Most of our work is about protecting language, culture, environment. We bring people together around issues. It ties to the economics – elders coming together to say: “We want to preserve our farming systems and seed. And to teach new farmers how to do low-water farming. And to share knowledge across tribes. We want to share cooking methodologies. We want to support tribal sharing of knowledge.”
It’s been the strongest part of our work over our past five years. We have built a learning center around that work on the reservation. We have farmers mentoring new farmers. We’re funding things like watershed restoration, spring restoration. We’re supporting tribes to relearn cultivation techniques.
We also collaborate around protecting sacred places. For example, we’re helping facilitate an ongoing project of 10 tribes to establish the Bear’s Ears National Conservation Area in southern Utah, which would be a National Monument. The tribe will be at the table co-managing the whole thing and deciding levels of protection and access. And under the Navajo Nation, there’s now an effort to create a major national-park-caliber tribal park covering the whole east side of the Grand Canyon all the way to Monument Valley.
What is the process for working with many tribes at once?
All this work that I’ve been talking about is underneath the gathering. It guides all our work on social entrepreneurship. Right from the start, we’ve said this is a tribal effort. We did years and years of gatherings. We studied the old processes. We studied how tribes came together and shared their intimate knowledge of certain mountains, deserts, canyons. There really are common teachings, and so we studied how those things occurred and we tried to replicate that in this intertribal gathering process. We found the cultural leaders and the people who still know these things and who have been involved in these gatherings for years. So it really was easy, because there was a high level of trust and credibility.
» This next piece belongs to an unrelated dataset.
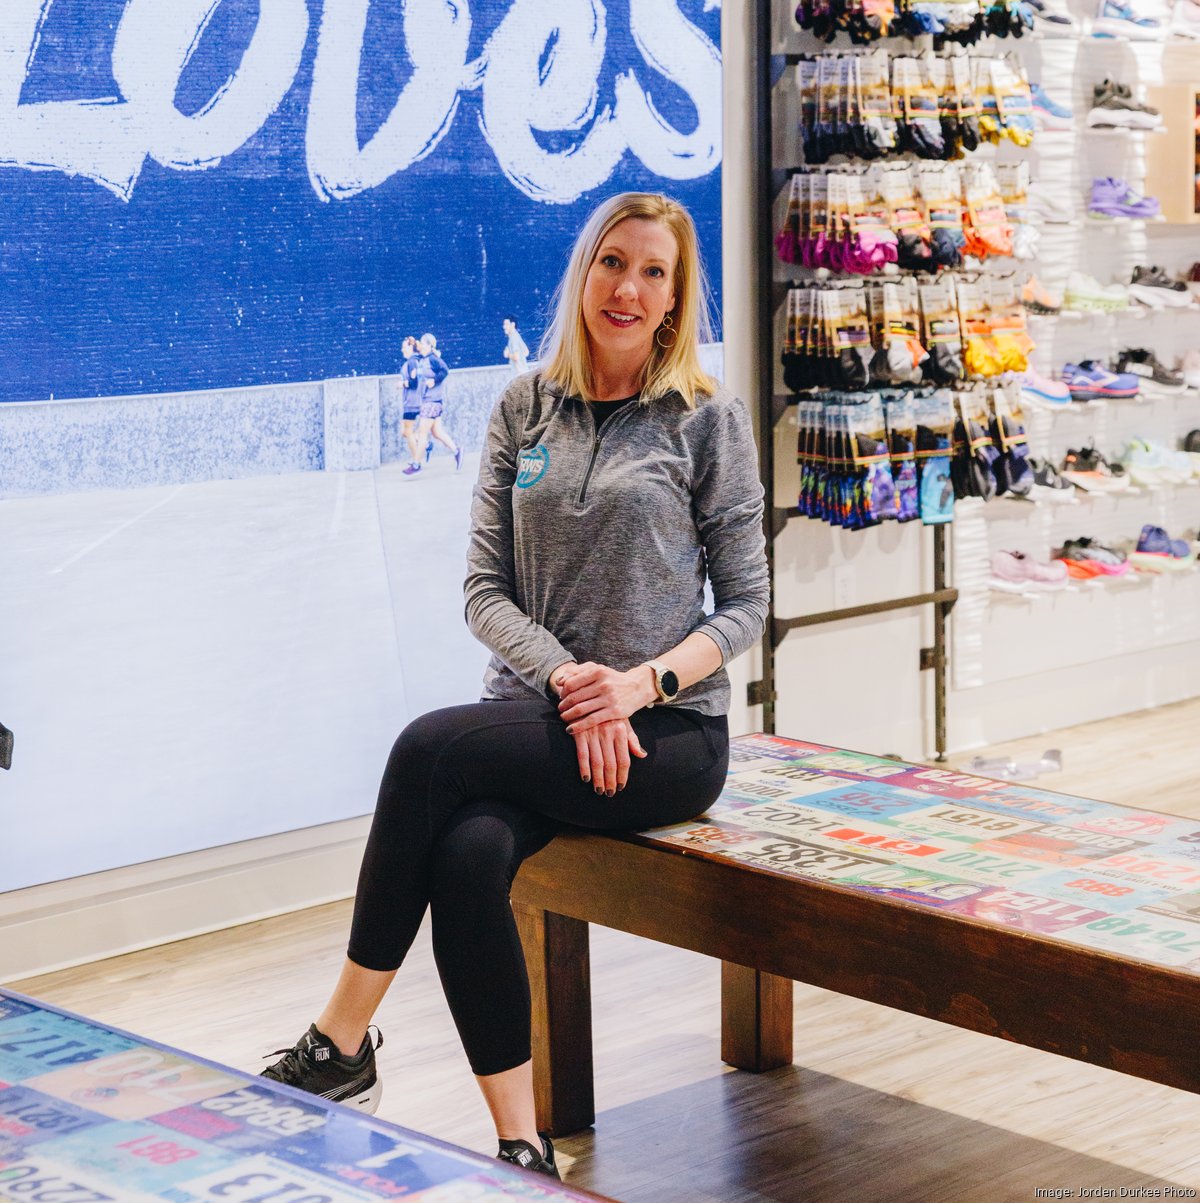 Why Kathy Gates traded her advertising career for The Running Well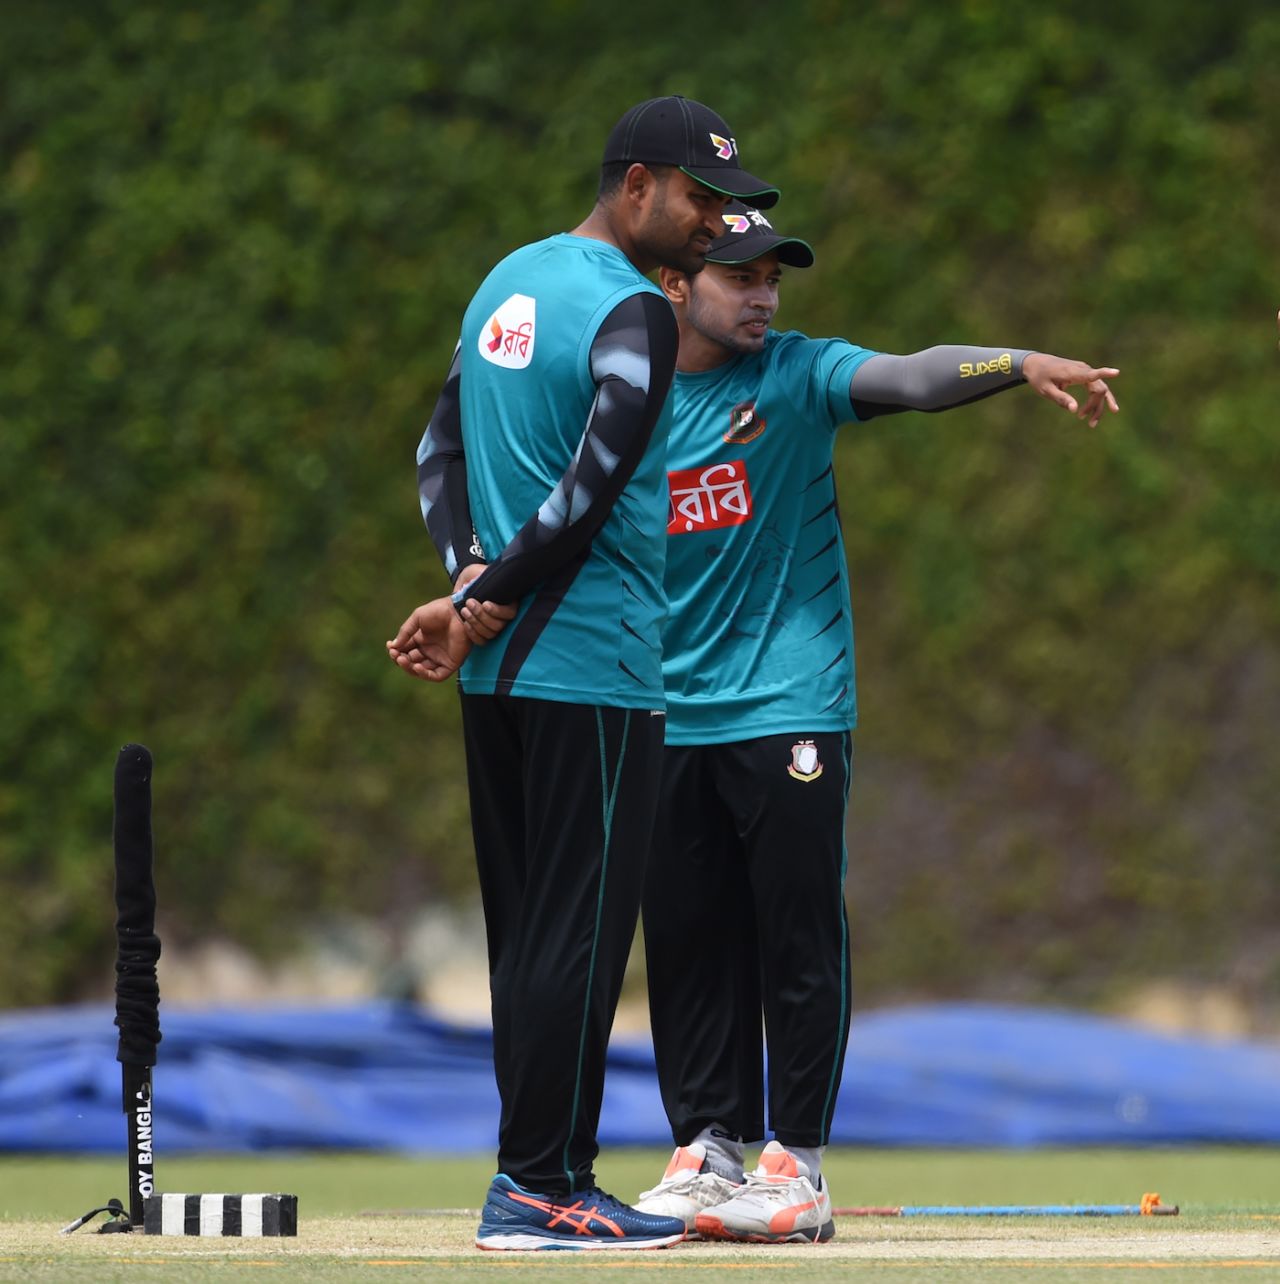 Mushfiqur Rahim and Tamim Iqbal inspect the pitch during a practice session, P. Sara Oval Cricket Stadium, Colombo, March 14, 2017

The Grand Canyon Trust is a nonprofit that represents the Colorado Plateau, and the Trust was the impetus for the gathering. They wanted to have something that was directed by the tribe. They didn’t want to say, “We have solutions for you guys.” The gathering permeates the Trust in every aspect of its work, but it’s run by the elders. It’s unique for an organization to do this.
What are your favorite parts of doing this work?
My favorite part is working with the people, and having an organization that stands behind you to do what the tribal people want. I just got back from Montreal. I met with a bunch of Navajo youth who were marching across the reservation in the heat – they want to raise awareness of all these environmental issues. Having a late dinner with them and agreeing to support them. That’s the kind of organization that we have. Being able to make that decision right there without a doubt.
This is full-on engagement. It’s nice to be part of an organization that’s full-on engaged. The Trust is really representing the plateau. We’re at the forefront of new ways of structuring work with tribal communities in a respectful, honorable way where the tribes are the ones that tell us how to do it.
One of the best things is that we have been able to find young people from different tribes to work for us. We have kids that are in their mid-twenties, and they’ve totally bought into this. They’re the ones who have learned everything about farming. They’re running the workshops. They’re making the videos. They’re running farmers’ markets. They’ve really taken this work to a whole other level. When I started this work – which I did in grad school about 20 years ago— I had few colleagues. But now the youth are just all about this kind of stuff. I think the future’s really, really bright. I’m very hopeful.